Warrant tokens are ERC-20 tokens which give investors a claim on the portfolio of assets that were financed using their capital. Investors mint warrant tokens when they deposit capital into the aggregate pool. Any dividends that guilds return to the individual pools are automatically distributed to investors based on the amount of warrant tokens they hold. The value of warrant tokens should in theory track the value of the portfolio of assets.
Dividends are returned to investors pro-rated by the percentage of warrant tokens they own. The below is an example of what that means:
Investor A invested 70,000 USDT into an aggregate pool, and Investor B invested 30,000 USDT. Investor A mints 70,000 warrant tokens and Investor B mints 30,000 warrant tokens.In the first payout cycle, the guilds in the aggregate pool collectively return 10,000 USDT.At this point, Investor A can claim 7,000 USDT and Investor B can claim 3,000 USDT.Say Investor C comes in and buys 40,000 warrant tokens from Investor A.In the next payout cycle, the guilds also return 10,000 USDT.At this point, Investor A can claim 3,000 USDT, Investor B can claim 3,000 USDT, and Investor C can claim 4,000 USDT.

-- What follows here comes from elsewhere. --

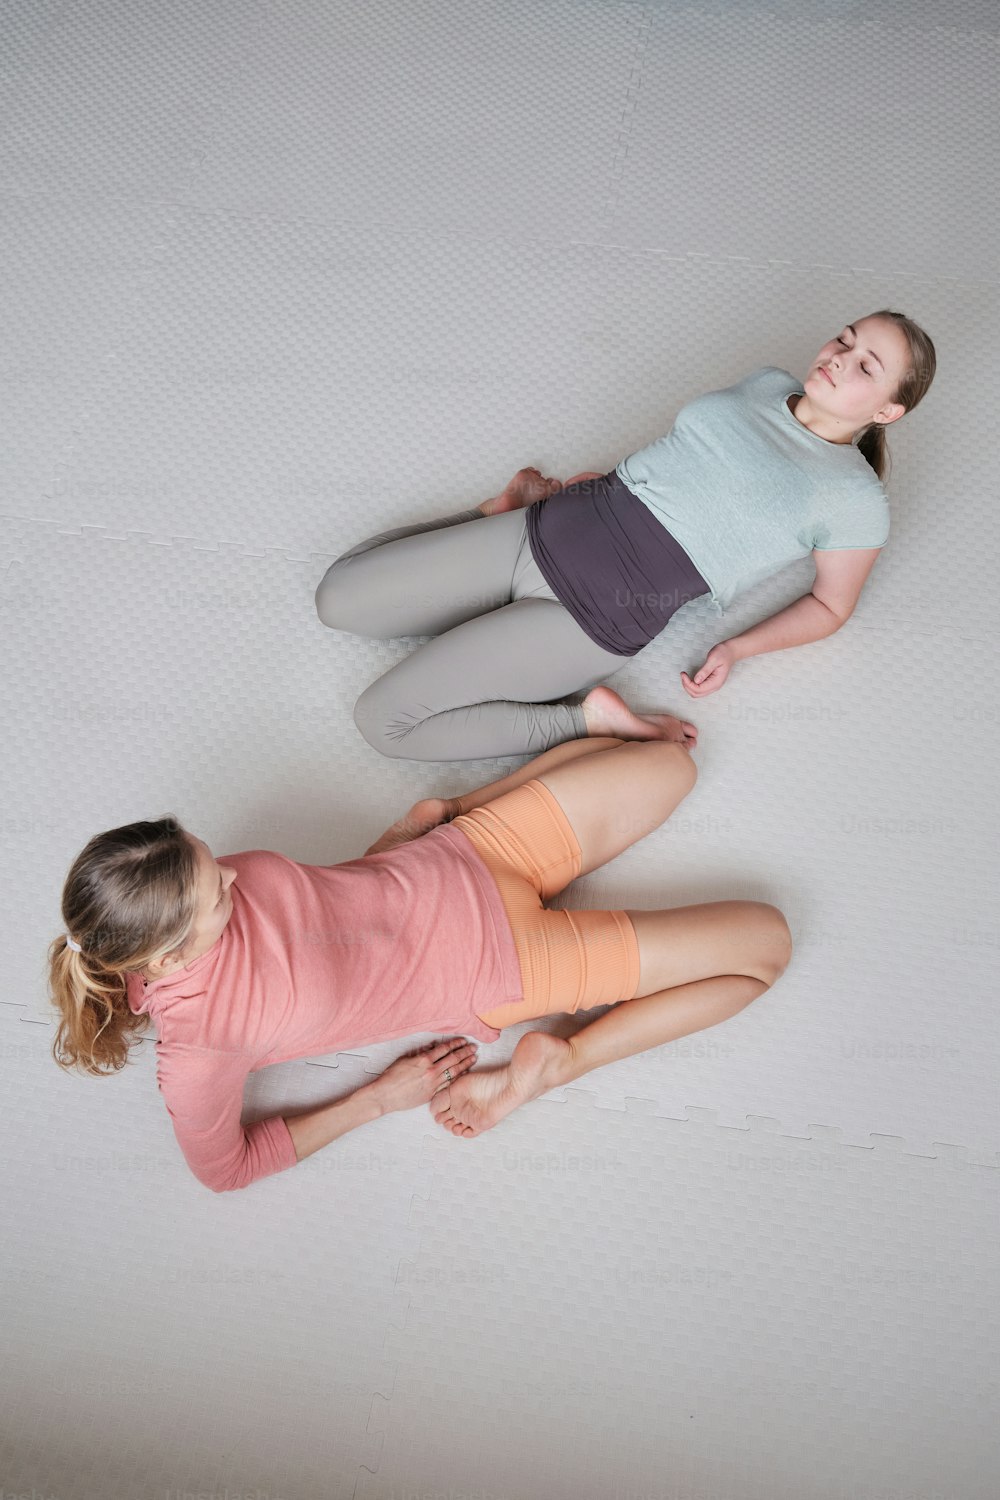 two young girls laying on a mattress together
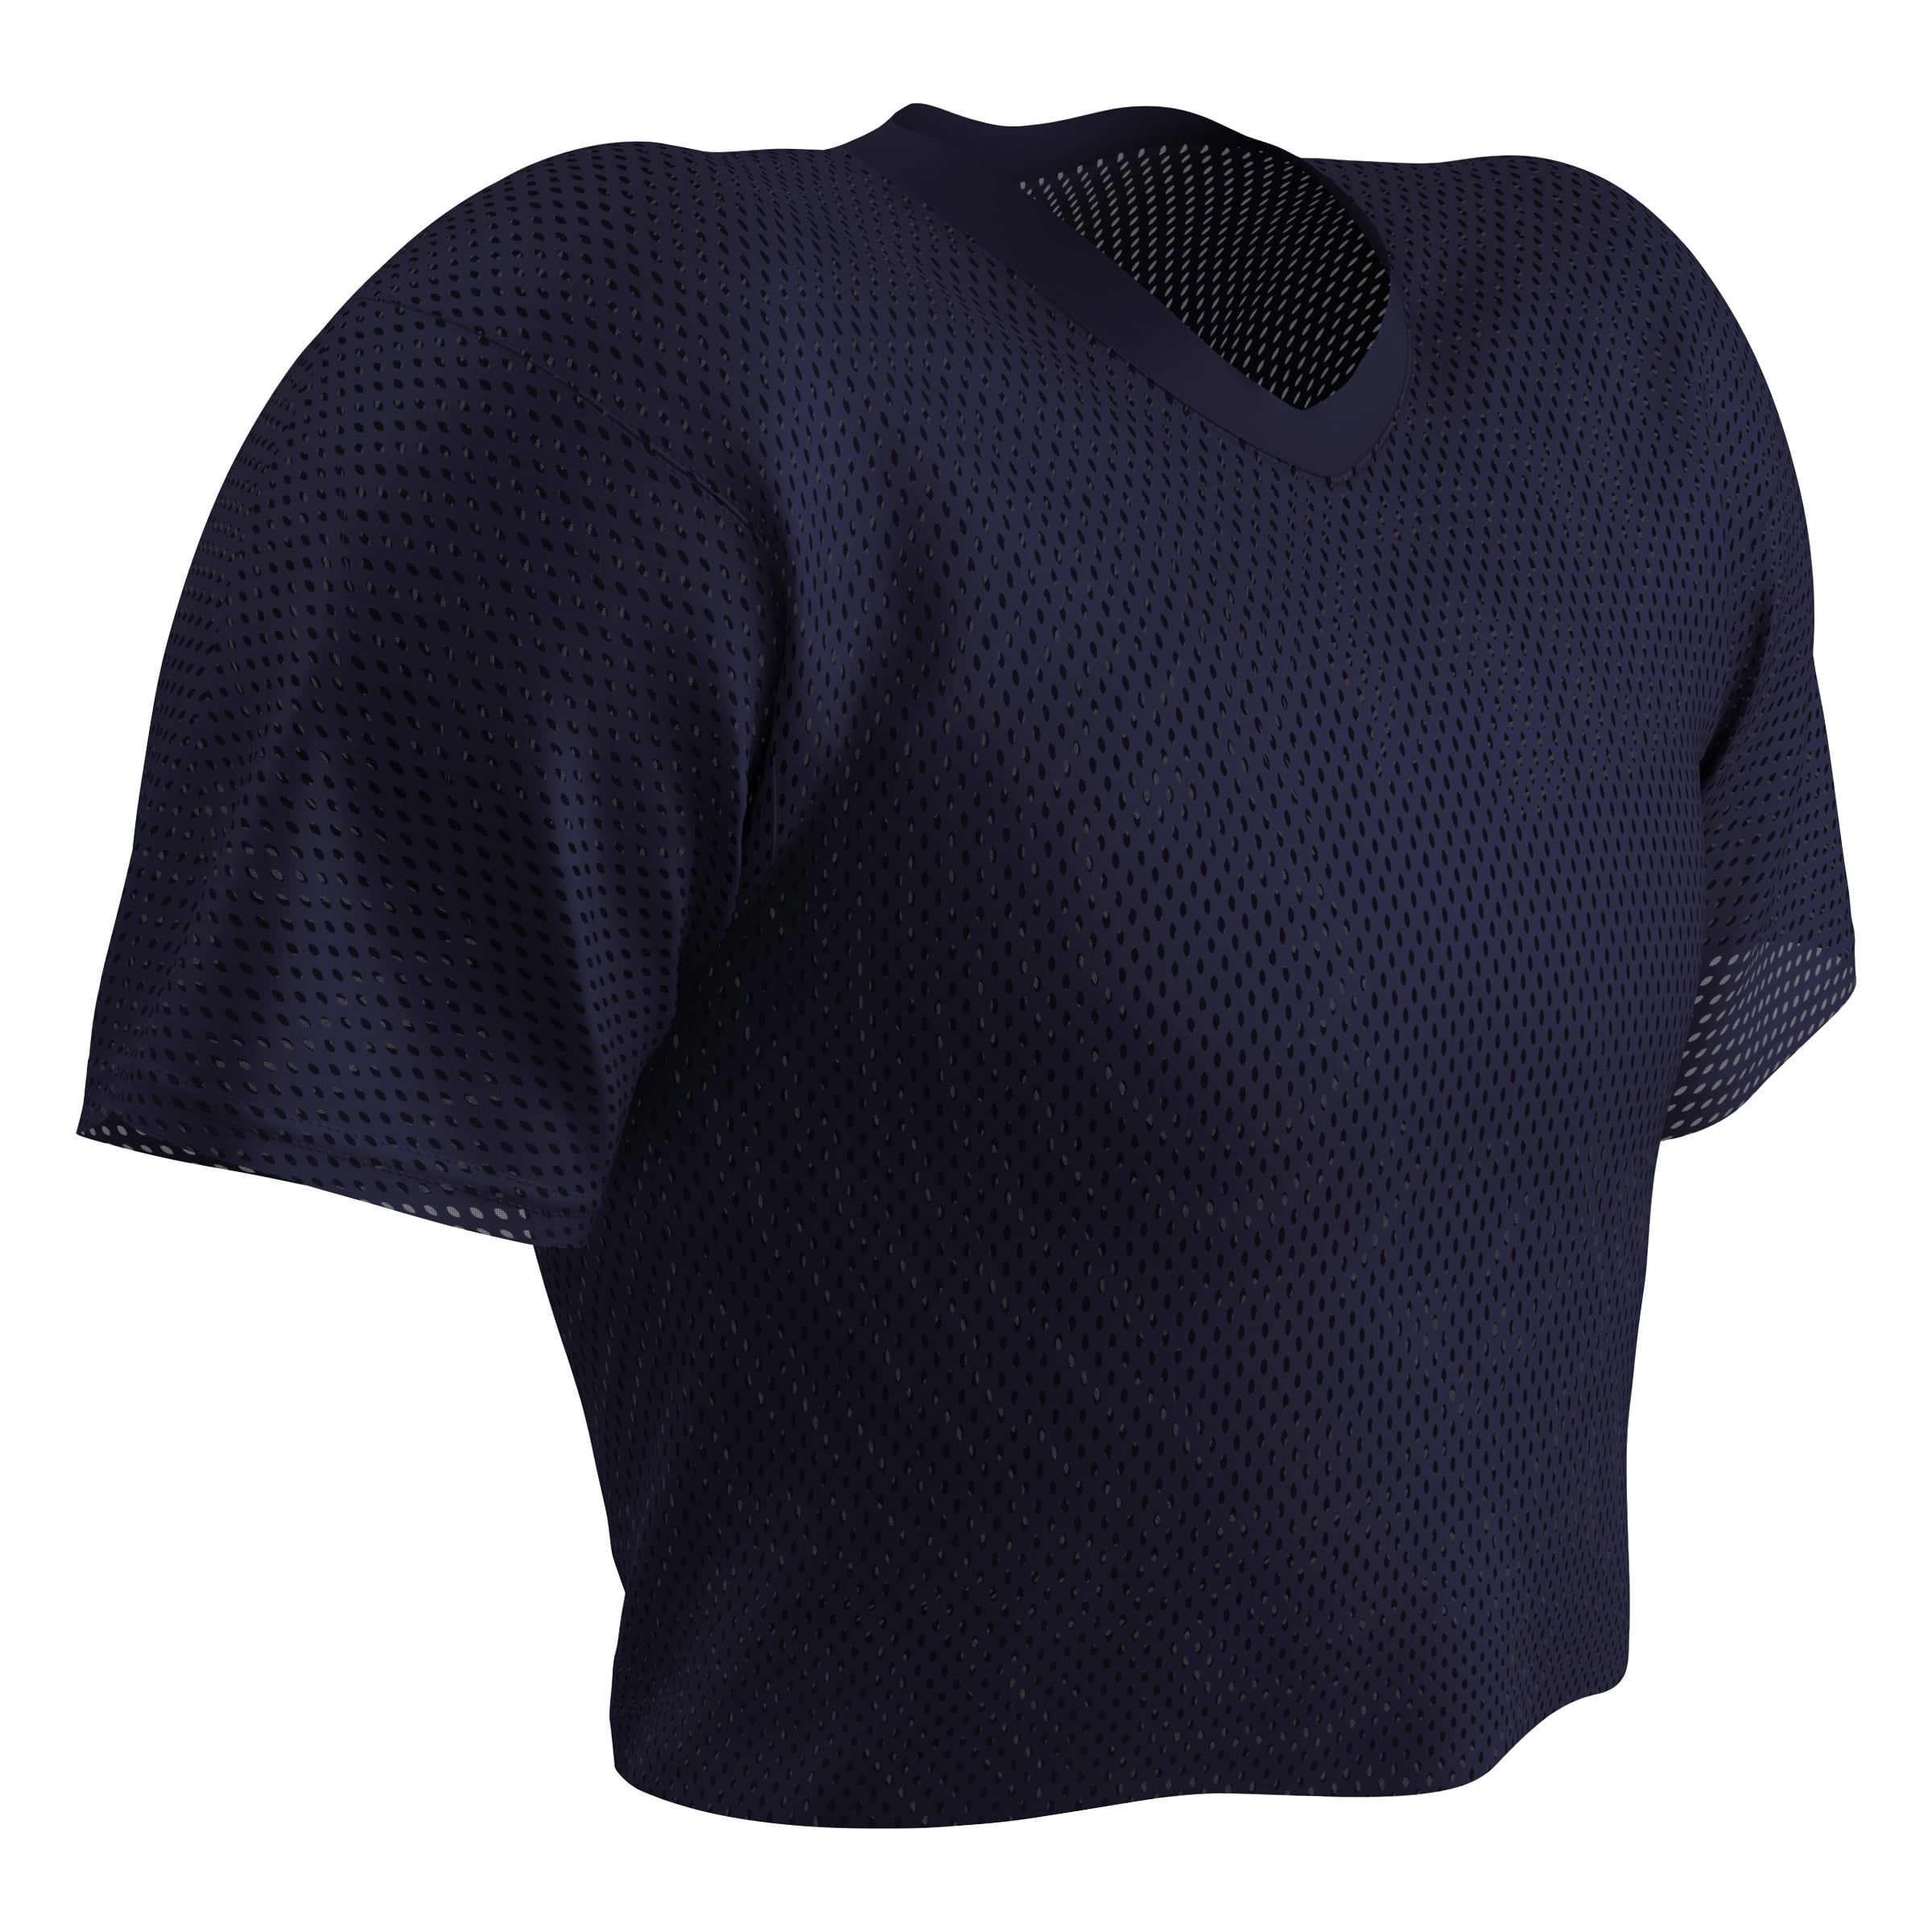 Champro Polyester Porthole Mesh Practice Football Jersey Adult Sizes Available

The warrant tokens are transferable and investors can sell them to another investor who wants to buy them. This gives investors liquidity to exit their stake in the aggregate pool if they choose to do so. The price that investors can sell warrant tokens for will ultimately depend on the supply and demand of warrant tokens and what the market values the underlying assets at.
Note: any unclaimed dividends will be deposited into your wallet on successful transfer of the warrant tokens. The token recipients will not be able to claim until the next guild contributes.